纺织学报 ›› 2023, Vol. 44 ›› Issue (11): 142-150.doi: 10.13475/j.fzxb.20220804501

• 染整与化学品 • 上一篇    下一篇

中空磁性Fe3O4纳米球/MXene复合棉织物的制备及其电磁屏蔽性能

郑贤宏1,2,3, 唐金好2, 李长龙2(), 王炜1,3   

  1. 1.东华大学 化学与化工学院, 上海 201620
    2.安徽工程大学 纺织服装学院, 安徽 芜湖 241000
    3.三元控股集团有限公司, 浙江 杭州 311200
  • 收稿日期:2022-08-16 修回日期:2022-12-14 出版日期:2023-11-15 发布日期:2023-12-25
  • 通讯作者: 李长龙(1968—),男,教授,硕士。主要研究方向为功能纺织品。E-mail:licl@ahpu.edu.cn
  • 作者简介:郑贤宏(1990—),男,副教授,博士。主要研究方向为智能可穿戴器件。
  • 基金资助:
    国家自然科学基金项目(52303051);安徽省教育厅重大项目(2022AH040137);安徽省自然科学基金项目(2308085ME146);安徽省自然科学基金项目(2008085QE213)

Preparation and electromagnetic shielding performance of hollow magnetic Fe3O4 nanosphere/MXene composite cotton fabrics

ZHENG Xianhong1,2,3, TANG Jinhao2, LI Changlong2(), WANG Wei1,3   

  1. 1. College of Chemistry and Chemical Engineering, Donghua University, Shanghai 201620, China
    2. School of Textile and Garment, Anhui Polytechnic University, Wuhu, Anhui 241000, China
    3. Saintyear Holding Group Co., Ltd., Hangzhou, Zhejiang 311200, China
  • Received:2022-08-16 Revised:2022-12-14 Published:2023-11-15 Online:2023-12-25

摘要:

为优化导电织物对电磁波的阻抗匹配性,减少电磁波的二次污染,在棉织物中引入磁损耗材料中空Fe3O4纳米球,并通过层层组装的方法将其与过渡金属碳化物/氮化物(MXene)结合制备中空磁性Fe3O4纳米球/MXene复合棉织物,探究中空磁性Fe3O4纳米球对复合棉织物电磁屏蔽性能的影响规律和作用机制。借助超景深显微镜、扫描电子显微镜和矢量网络分析仪对中空磁性Fe3O4纳米球/MXene复合棉织物的形貌结构和电磁屏蔽性能进行表征与分析。结果表明:通过水热合成制备的Fe3O4具有中空球状形貌和尖晶石晶体结构,颗粒尺寸较为均匀,为(271.9 ± 4.6) nm;随着Fe3O4/MXene负载循环次数的增加,复合棉织物的方阻逐渐减小,最低为(10.5±1.7) Ω/□,并展现出较好的透气性;复合棉织物的电磁屏蔽性能也逐渐增强,最高电磁屏蔽效能可达(29.03±0.3)dB,且织物的屏蔽机制由吸收为主逐渐向反射为主转变,其优异的电磁屏蔽性能主要归因于MXene纳米片和中空磁性Fe3O4纳米球的协同作用。

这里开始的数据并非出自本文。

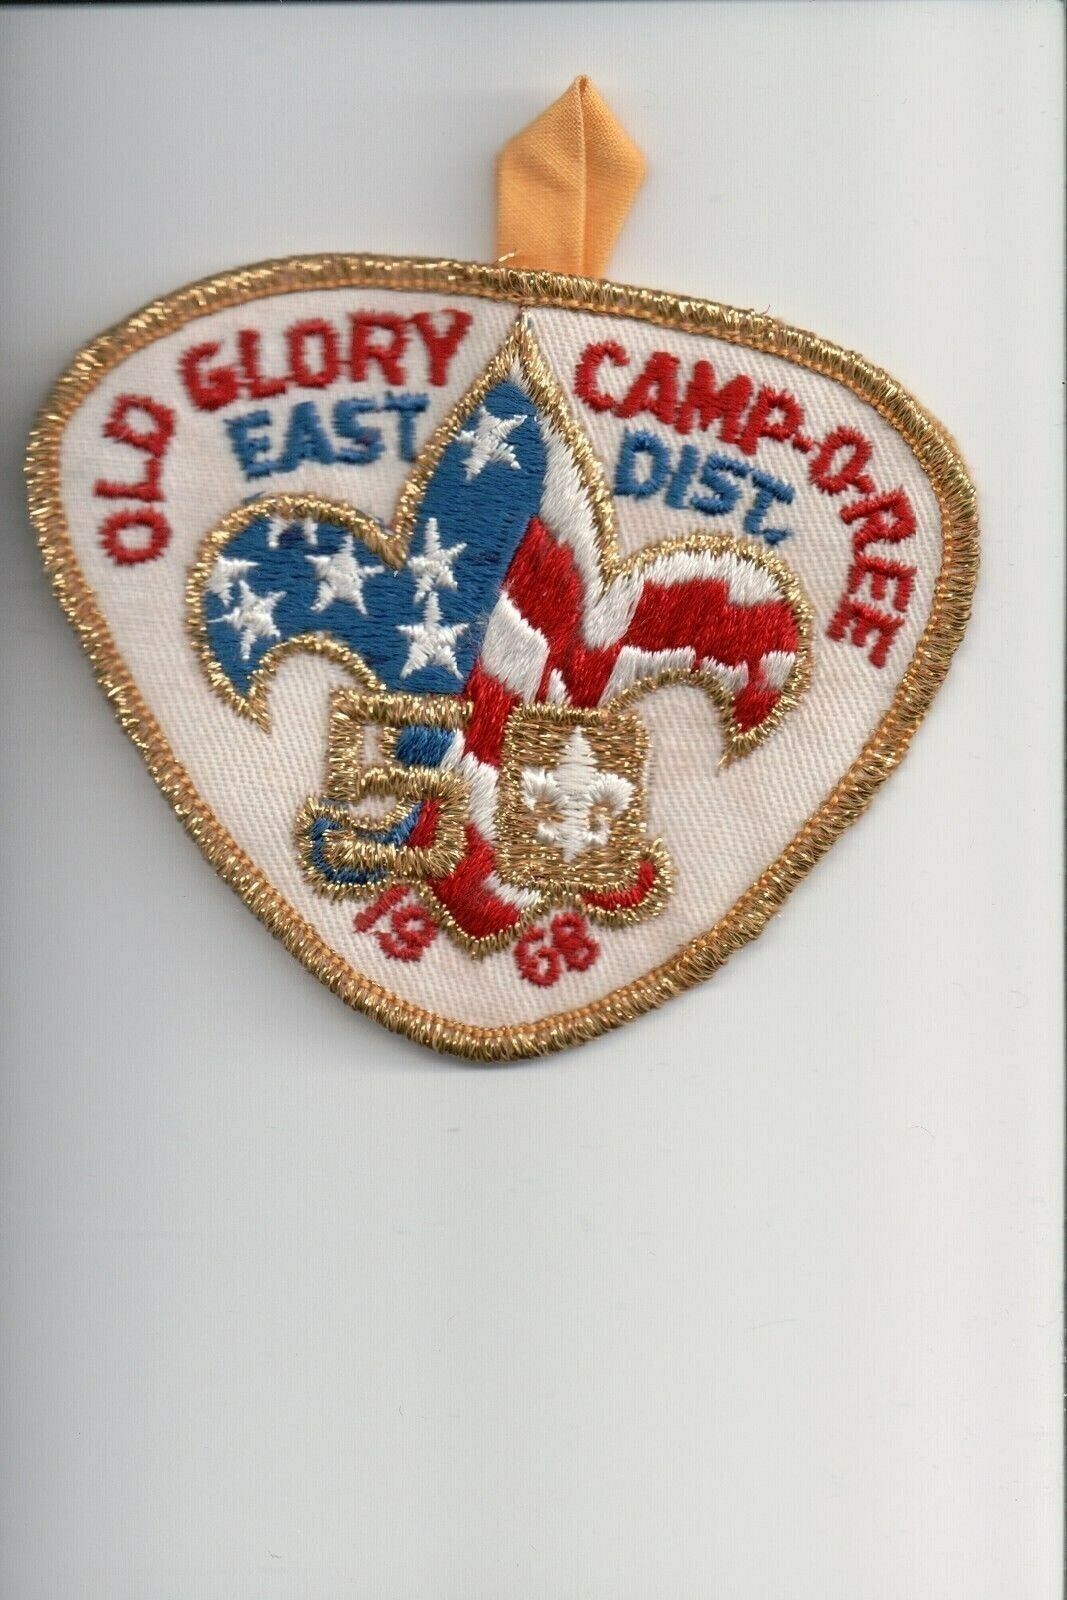 1968 East District Old Glory Camp-O-Ree patch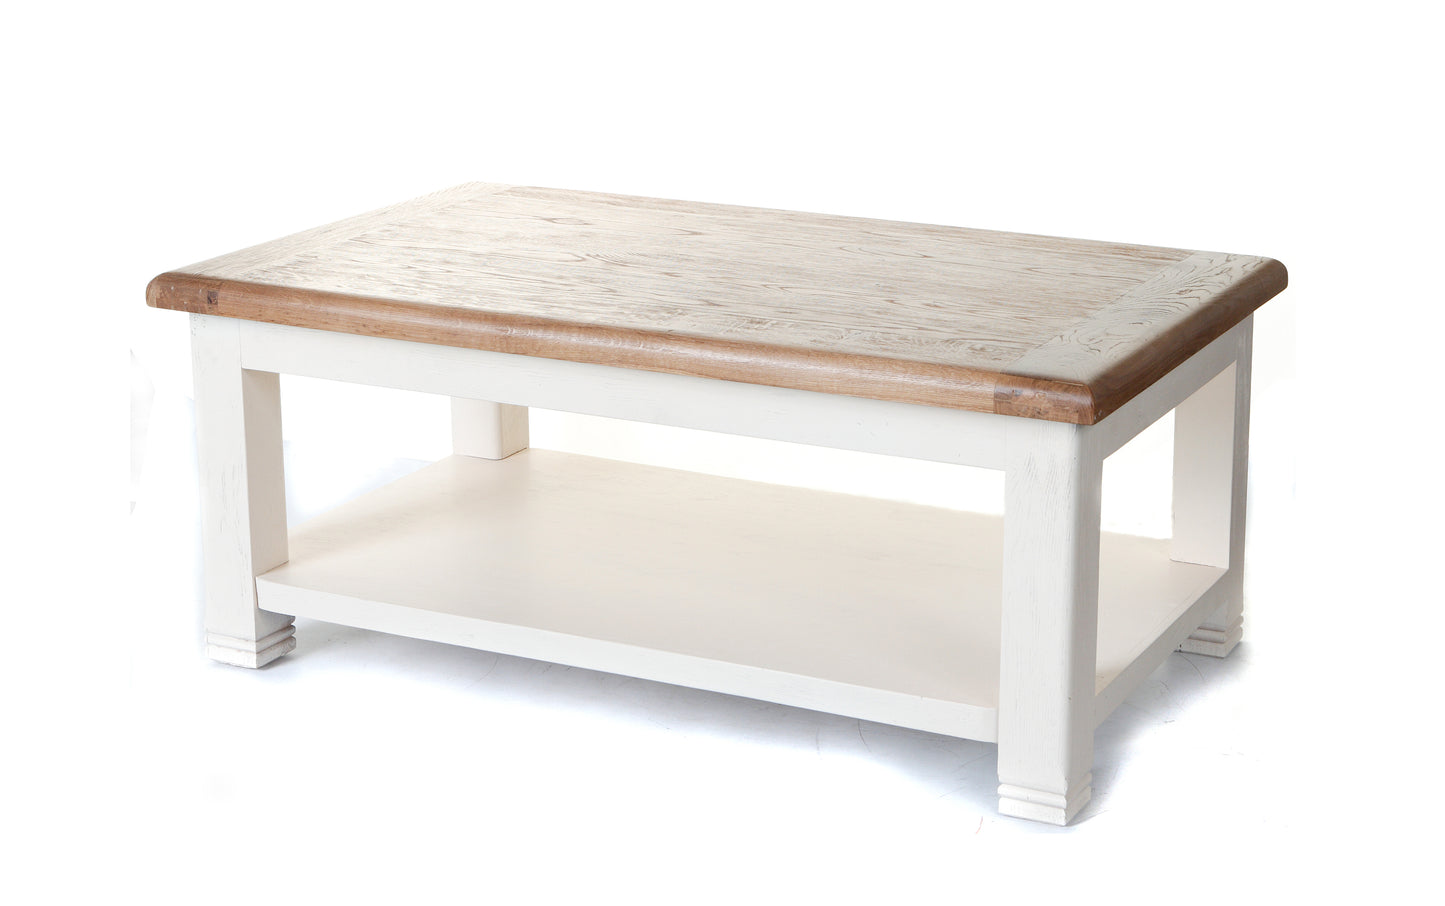 Danube Oak Coffee Table with Shelf painted Off White

关键词: 过渡金属碳化物/氮化物, Fe3O4纳米球, 复合棉织物, 层层组装, 电磁屏蔽, 屏蔽机制

Abstract:

Objective Lightweight, flexible, air permeable and high-performance electromagnetic interference (EMI) shielding materials are urgently required to solve the increasingly serious electromagnetic radiation pollution. Transition metal carbides/nitrides (MXenes) have attracted much attention in the area of EMI shielding because of their high metallic electrical conductivity. However, the MXene modified fabrics usually exhibited reflection-dominant EMI shielding mechanism because of the impedance mismatch. Therefore, it is still a critical challenge to fabricate high-performance MXene-based EMI shielding fabrics with tunable EMI shielding performance and mechanism.

Method Constructing multilayer heterogeneous structure of hollow magnetic Fe3O4 nanospheres (HFOs)/MXene is an efficient approach to improve and tune the EMI shielding performance of the composite fabrics, because the HFOs and MXene can absorb the electromagnetic waves by means of the magnetic loss and conductive loss, respectively. More importantly, the electromagnetic waves will be attenuated in the multilayer heterogeneous structure due to the multiple reflections. However, the paper proposed relatively few studies devote to studying the EMI shielding performance of HFOs/MXene modified fabrics. Herein, the paper proposed a layer-by-layer assembly strategy to construct multilayer heterogeneous structure of hollow magnetic Fe3O4 nanospheres/MXene on the cotton woven fabrics to fabricate high-performance EMI shielding fabrics.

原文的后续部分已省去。